Кройстдорф сам не понял, что кричит. Мир вокруг терял враждебную липкость, становясь и для него своим. Новая мелодия была запущена. "Боб" перестраивался.

– Елена!

Коренева оторвала взгляд, а потом и губы от жениха. Увидела Алекса, невероятно удивилась.

– Уходим?

Интересно, как?

Теперь Ян залип в пространстве, но все еще тянулся к невесте.

– Руку. – Кройстдорф перешагнул за перила. – Прыгаем.

Елена не испугалась и не отступила. Судя по всему, ей пришло в голову то же самое: смерть во сне – не в зачет. После нее просыпаются, и, по народным приметам, живут долго.

А в воспоминаниях?

– Можешь заснуть на лету?

Может. Только глаза закрыть. И он тоже. Хронический недосып занятого человека. Алекс крепко сжал руку Елены и… чардаш! Они полетели вниз. Их выкинуло из системы спящих.

– Хорошая работа, – похвалил доктор Фунт. – Но сами видите, аппарат придется еще доводить до ума.

– Только не со мной в роли подопытного, – выдавил Кройстдорф. Ему все еще казалось, что он сжимает пальцы Елены.

Коренева очнулась и тоже удивленно смотрела себе на руку.

– Вы ничего помнить не должны, – предупредил Блехер.

– А мы помним, – ворчливо сообщил Кройстдорф. – Во всяком случае, я.

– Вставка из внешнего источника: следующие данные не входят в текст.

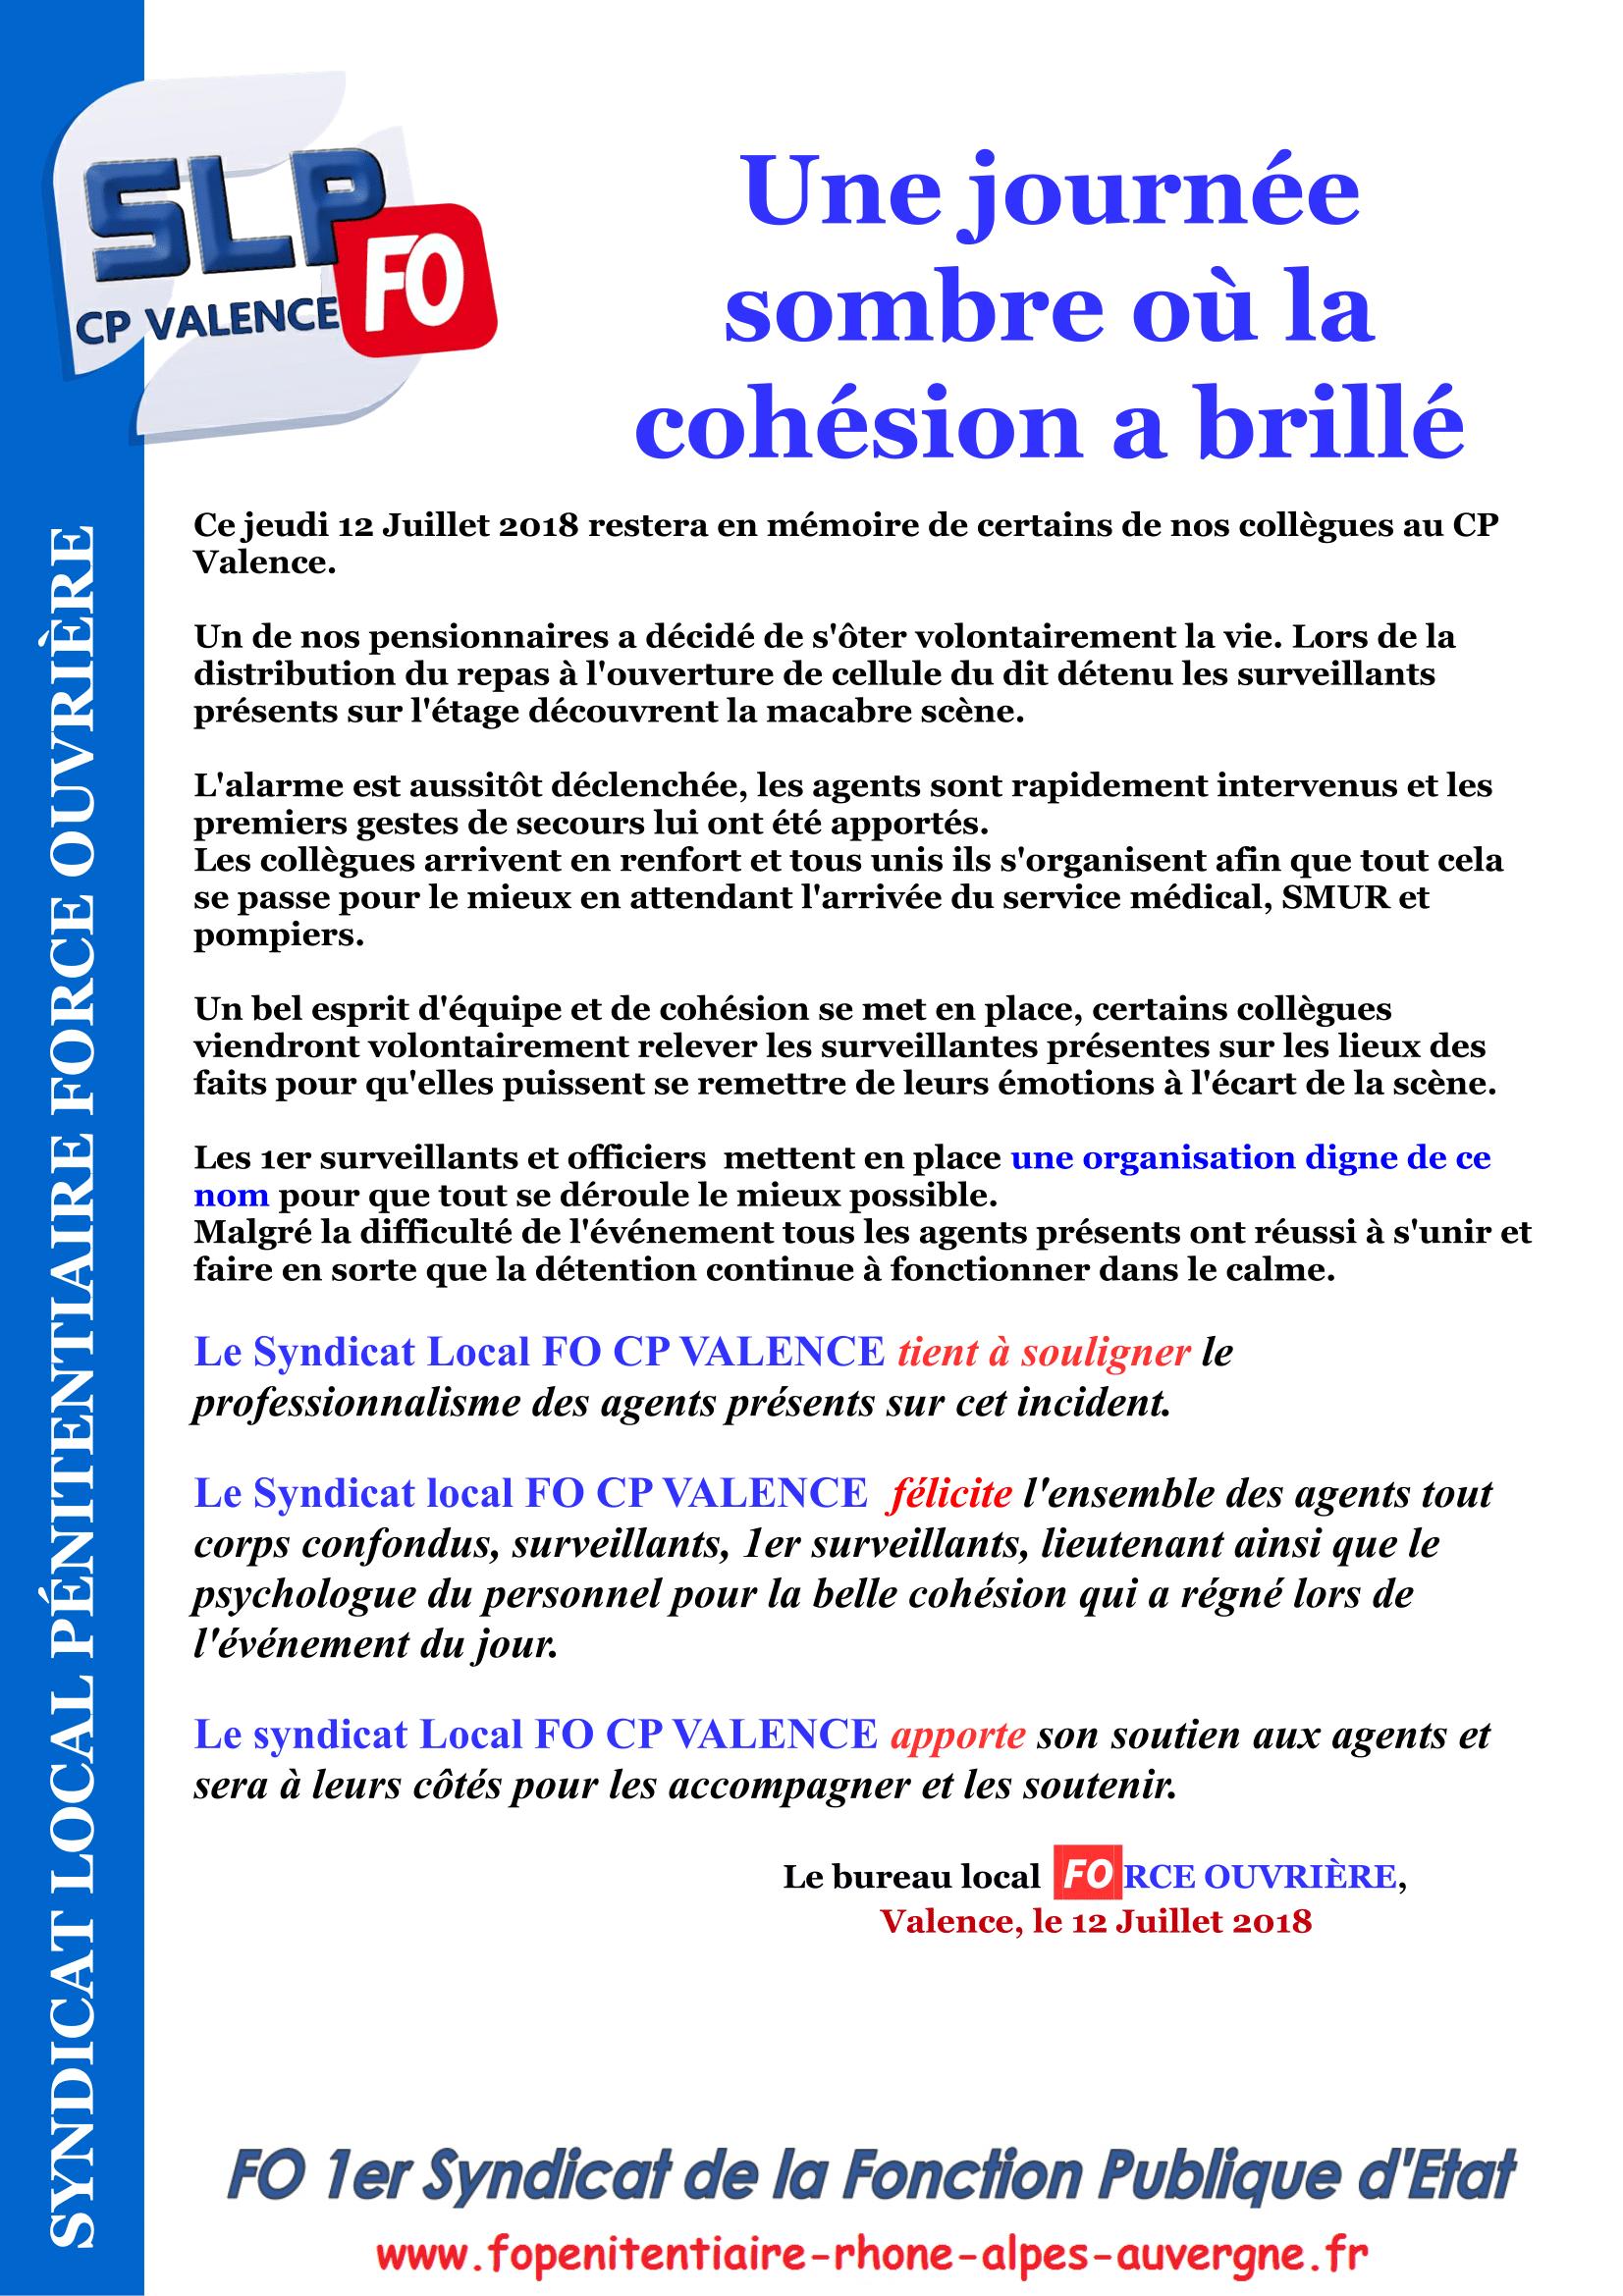 CP Valence - Journée du 12 Juillet 2018-1

– Это сбой. – Фунт покачал головой. – Может аукнуться.

Тем временем Варвара обнимала вовсе не отца. Она кинулась Васе на шею и чмокнула его в нос картошкой.

– Топтыгин, ты солнышко! Ты всех спас! Какая у тебя голова светлая. – Девушка запустила пальцы в его вихры. – Хочешь со мной дружить? Ну, так серьезно дружить, как положено?

Ландау смутился.

– Положено сначала спросить моего согласия, – буркнул Кройстдорф.

Вася догнал его в коридоре.

– Карл Вильгельмович, я понимаю, вы можете быть против. Варя, она такая тургеневская девушка…

Кем угодно шеф безопасности считал свою дочь, но только не "тургеневской девушкой". Оказывается, влюбленные глаза могут заметить и такое!

– Ладно, – бросил он, – только с самыми серьезными намерениями.

Испуганный системщик закивал.

Теперь предстояло увидеть Елену. Честно говоря, Кройстдорф не знал, как она его встретит. Кинется на шею? Или начнет изображать амнезию: что было там, то там и осталось.

Ни то, ни другое.

– Что же нам делать? – растерянно спросила она.

– Ничего, – пожал плечами шеф безопасности. – Материала более чем достаточно. Завтра вас освободят. Мы начинаем разработку Поджетти.

– Я сказала: нам. – Елена хмуро уставилась ему в лицо. Ей уже сообщили о наложении мелодий, и она не знала, как к этому относиться. – Хотите разъединить?

Он покачал головой.

– Говорят, с этим лучше думается. Возьму себе. Буду включать в наушниках на совещаниях. Или по утрам, когда жить не хочется. А вы?

На ее лице было написано недоверие.

– Не знаю.

Вольному воля.

– Карл Вильгельмович…

– Алекс.

– Вы не могли бы завтра отвезти меня к проходной университета? Мои коллеги… Нет, некоторые очень за меня волновались. Но есть и те, кто…

"…рад, что чересчур популярную профессоршу загребли в безопасность", – мысленно закончил он.

– Отвезу. "И еще до кафедры провожу. Если кто не понял". Вот случай, когда он готов был посверкать погонами.